Funding for this trial was provided by Oncternal Therapeutics, California Institute for Regenerative Medicine, UC San Diego Alpha Stem Cell Clinic and Sanford Stem Cell Clinical Center, UC San Diego Moores Cancer Center, Padres Pedal the Cause Grant, and Gonick Breast Cancer Research Funds.

"The early activity signals for cirmtuzumab in combination with paclitaxel for patients with breast cancer seen in this study are encouraging. We believe these data, taken together with the previously updated clinical data in chronic lymphocytic leukemia (CLL) and mantle cell lymphoma (MCL) from the CIRLL study presented at the annual ASH (Free ASH Whitepaper) meeting, reinforce the encouraging safety data and provide evidence of clinical activity of cirmtuzumab and its potential for the treatment of patients with breast cancer and other ROR1-expressing solid tumors and hematological malignancies," said James Breitmeyer, M.D., Ph.D., Oncternal’s President and CEO.

About the Clinical Trial

This clinical trial is an investigator-sponsored Phase 1b Pilot Clinical Trial of Cirmtuzumab, an Anti-ROR1 Monoclonal Antibody, in Combination with Paclitaxel for the Treatment of Patients with Metastatic, or Locally Advanced, Unresectable Breast Cancer. The objectives of the trial include the evaluation of safety, tolerability, pharmacokinetics, and clinical activity. Eligible patients are those with locally-advanced, unresectable or metastatic HER2-negative breast cancer who had not received paclitaxel in the metastatic setting. Study treatment included a fixed dose of 600 mg cirmtuzumab given on days 1 and 15 of cycle 1, and then on day 1 of each subsequent 28-day cycle. Paclitaxel was given weekly at a dose of 80 mg/m2. Additional information about the clinical trial may be accessed at ClinicalTrials.gov (NCT02776917).

About Cirmtuzumab

Cirmtuzumab is an investigational, potentially first-in-class monoclonal antibody targeting ROR1, or Receptor tyrosine kinase-like Orphan Receptor 1. Cirmtuzumab is currently being evaluated in a Phase 1/2 clinical trial in combination with ibrutinib for the treatment of CLL or MCL, in a collaboration with the UC San Diego School of Medicine and the California Institute for Regenerative Medicine (CIRM). In addition, an investigator-initiated Phase 1 clinical trial of cirmtuzumab in combination with paclitaxel for women with metastatic breast cancer is being conducted at the UC San Diego School of Medicine. CIRM has also provided funding to support development programs for cirmtuzumab and a CAR-T therapy that targets ROR1, which is currently in preclinical development as a potential treatment for hematologic cancers and solid tumors.

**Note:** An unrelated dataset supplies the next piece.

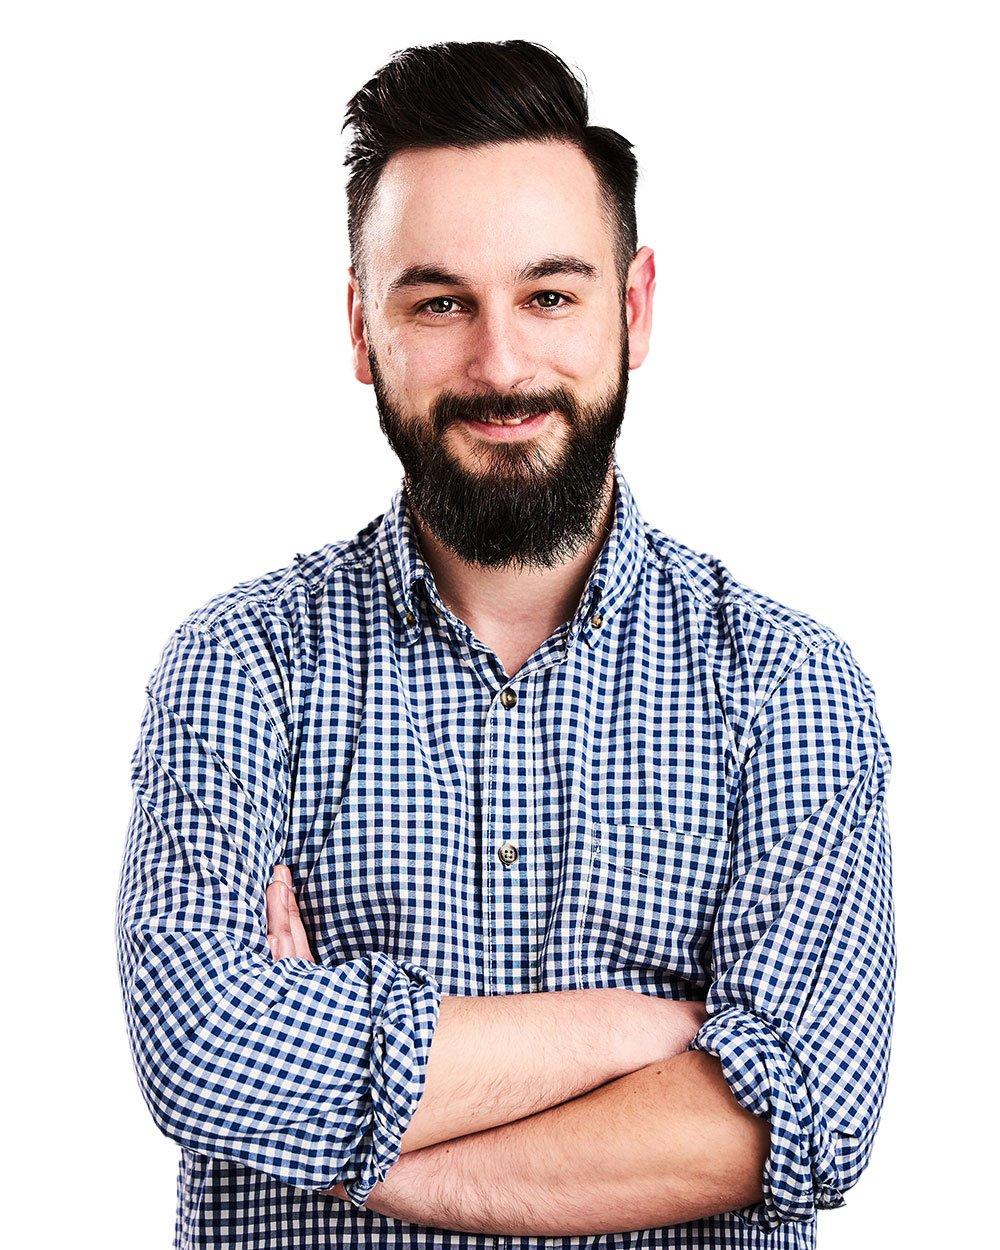 Richard - Agency Technical Director

ROR1 is a potentially attractive target for cancer therapy because it is an oncofetal antigen – a protein that confers a survival and fitness advantage when reactivated and expressed by tumor cells. When expressed by hematologic malignancies such as CLL and MCL, ROR1 acts as a receptor for the tumor growth factor Wnt5a. Researchers at the UC San Diego School of Medicine discovered that targeting a critical epitope on ROR1 was key to inhibiting Wnt5a activation, specifically targeting ROR1 expressing tumors. This led to the development of cirmtuzumab that binds this critical epitope of ROR1, which is highly expressed on many different cancers but not on normal tissues. Preclinical data showed that when cirmtuzumab bound to ROR1, it blocked Wnt5a signaling, inhibited tumor cell proliferation, migration and survival, and induced differentiation of the tumor cells. Cirmtuzumab is in clinical development and has not been approved by the U.S. Food and Drug Administration for any indication.